• [Provided data]
————————

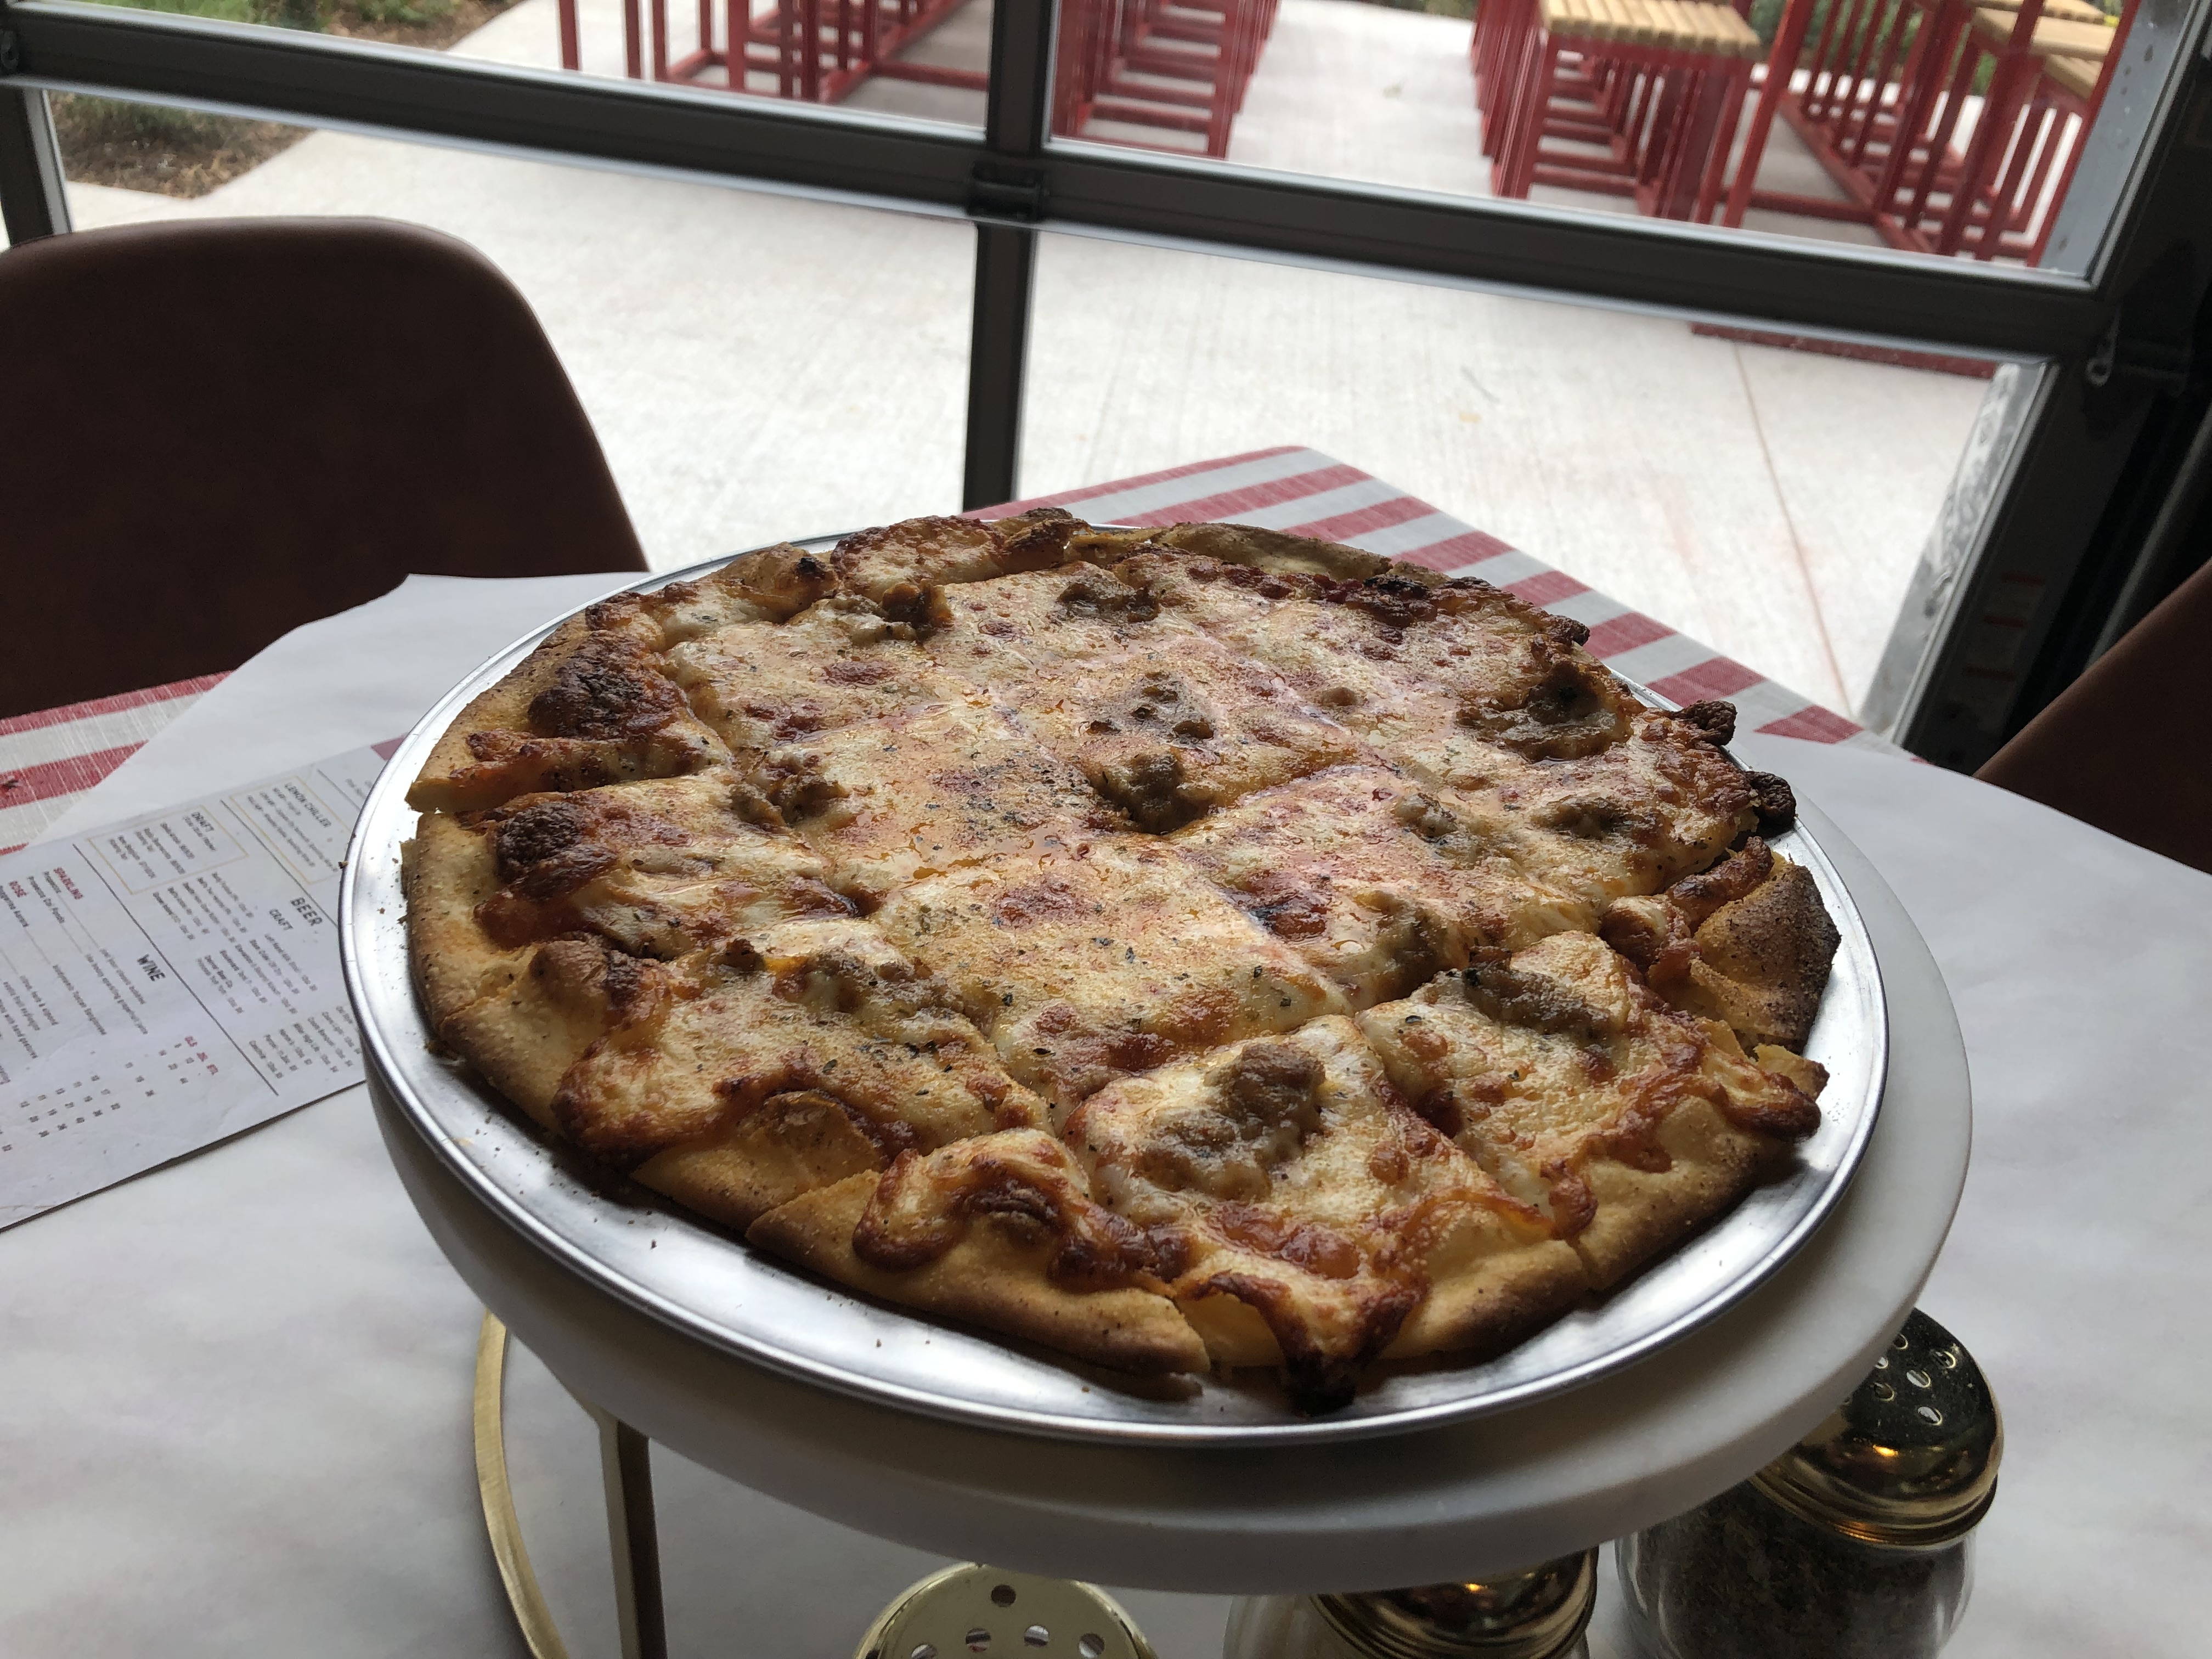 Grabowski’s Chicago Classic pizza
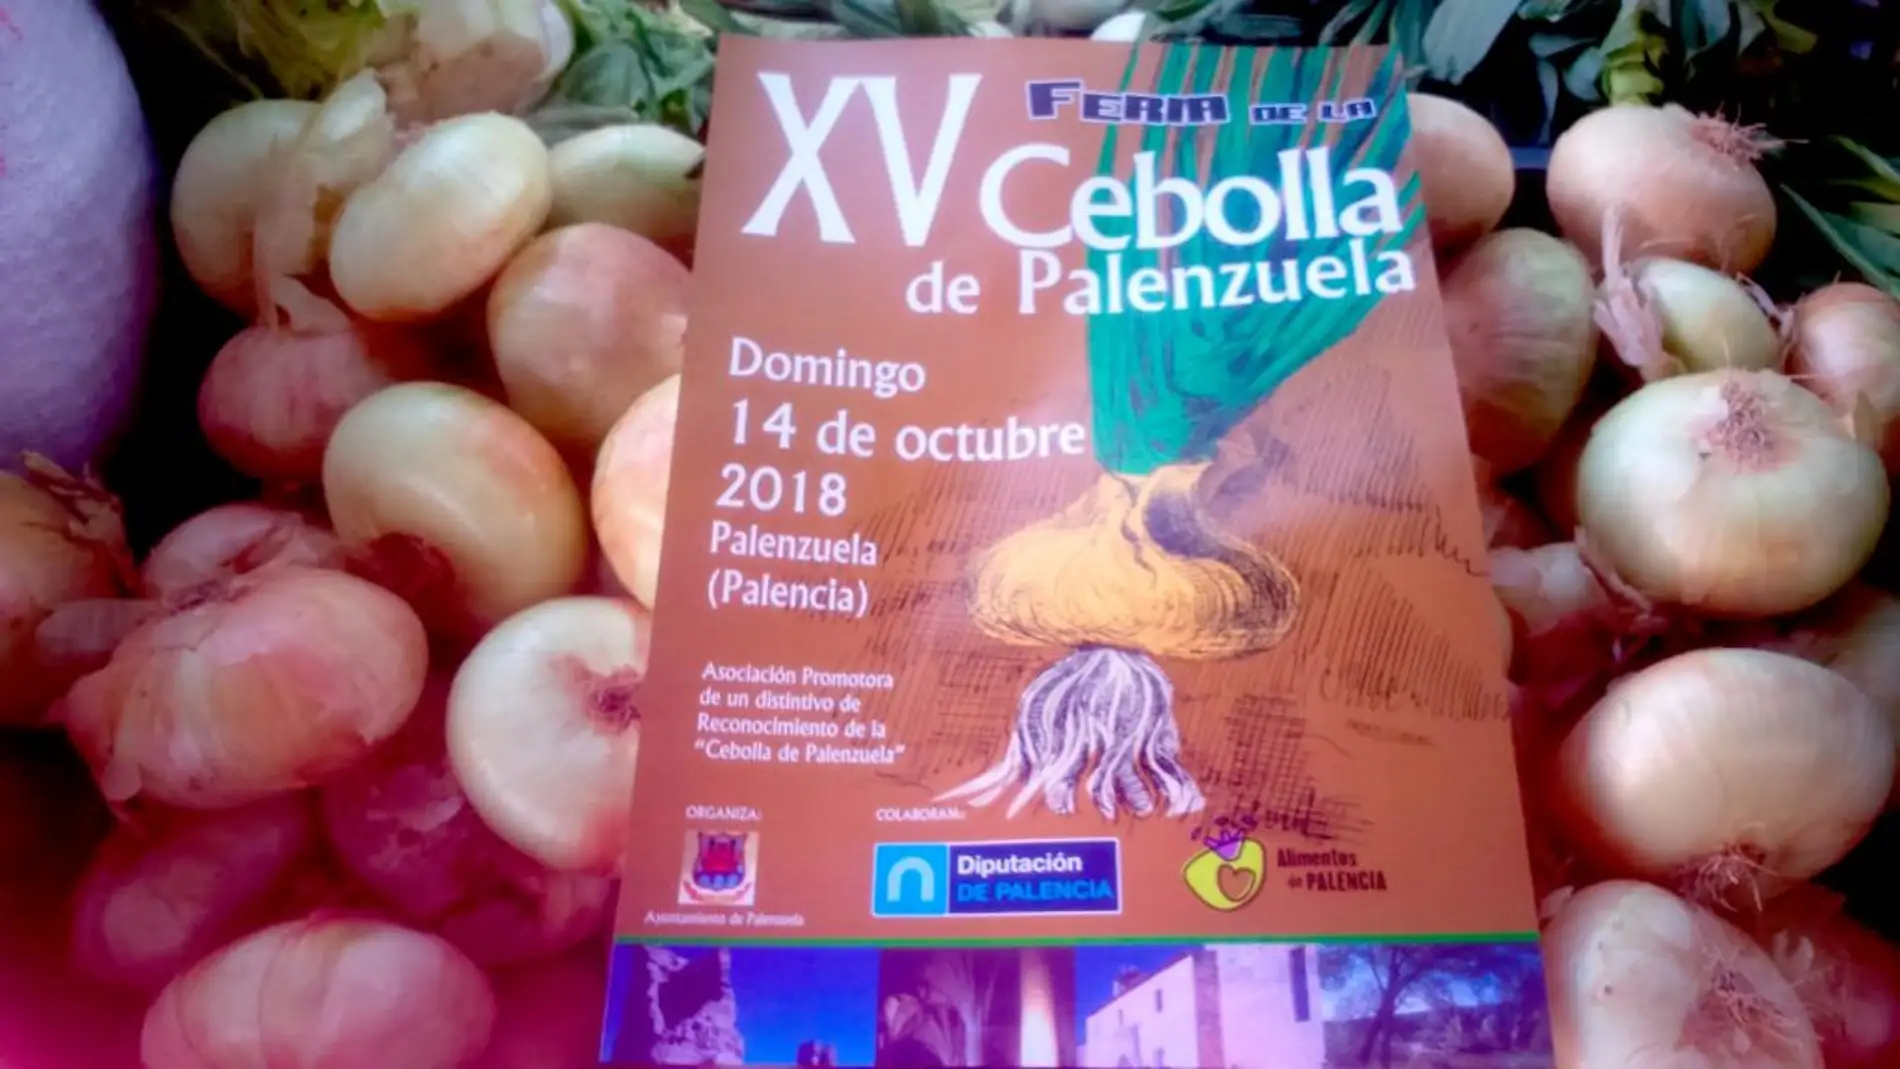 Los productores de cebolla de Palenzuela afectados por la situación de la hostelería
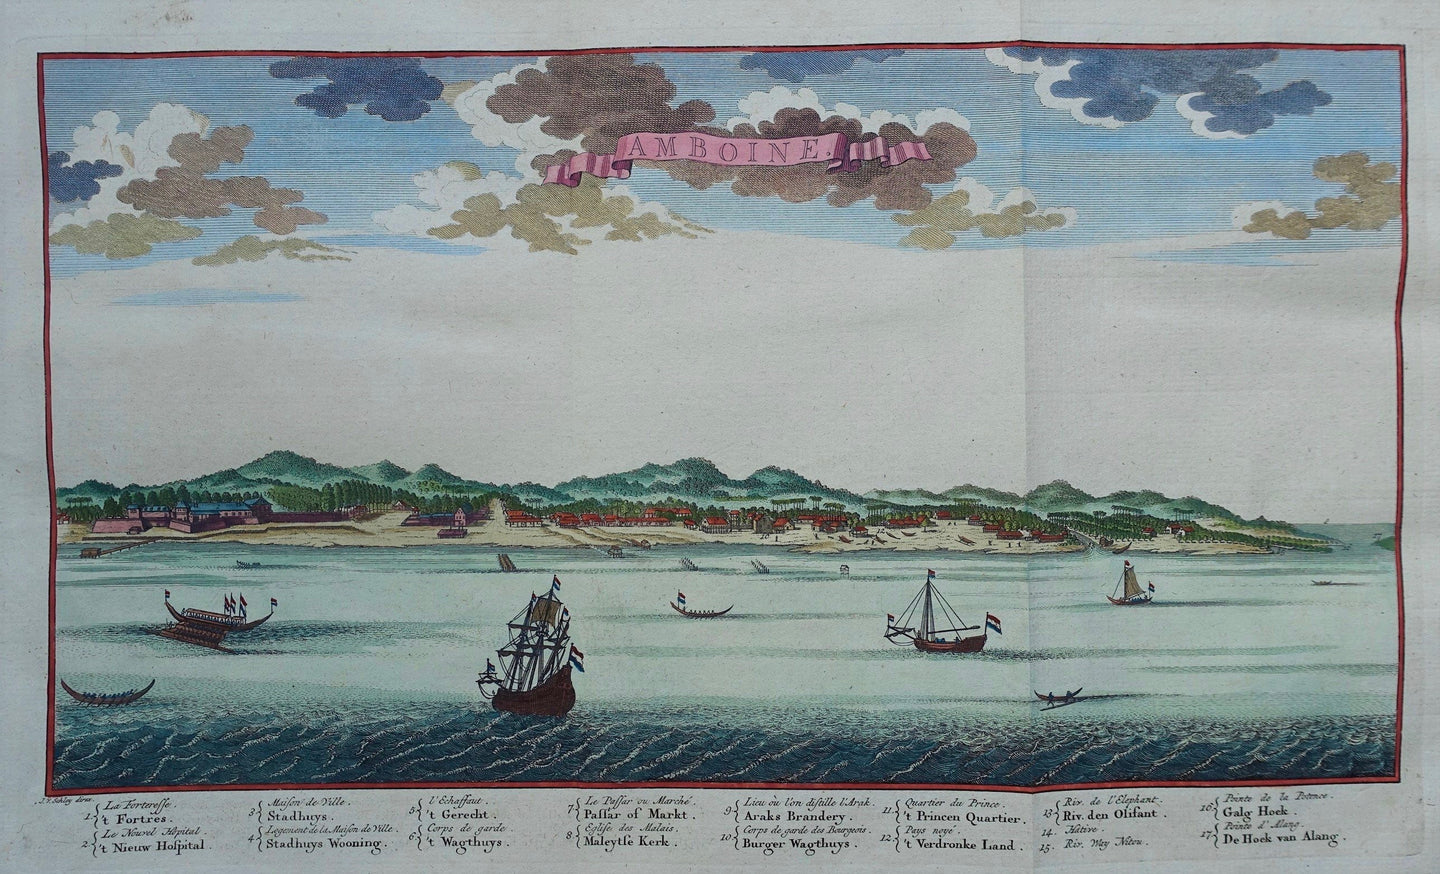 Indonesië Molukken Ambon City Indonesia - J van der Schley / P de Hondt - 1763
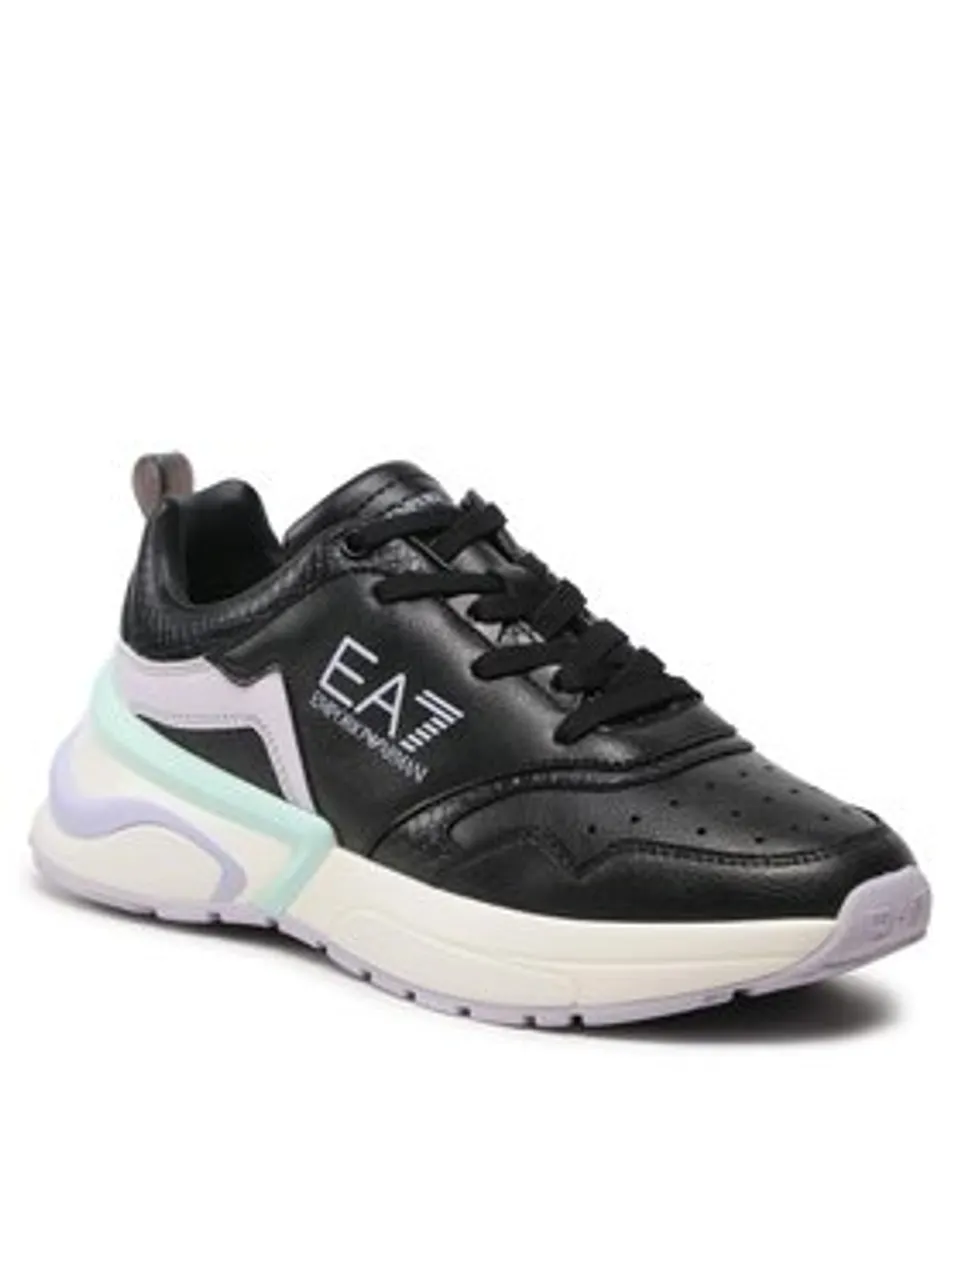 EA7 Emporio Armani Sneakers X7X007 XK310 R664 Schwarz

————————

• [Work to complete] Each line above should be written out again unchanged; no images are to be carried over.

• [Response area]
 Grabowski’s Chicago Classic pizza
 Los productores de cebolla de Palenzuela afectados por la situación de la hostelería
 Indonesië Molukken Ambon City Indonesia - J van der Schley / P de Hondt - 1763
 EA7 Emporio Armani Sneakers X7X007 XK310 R664 Schwarz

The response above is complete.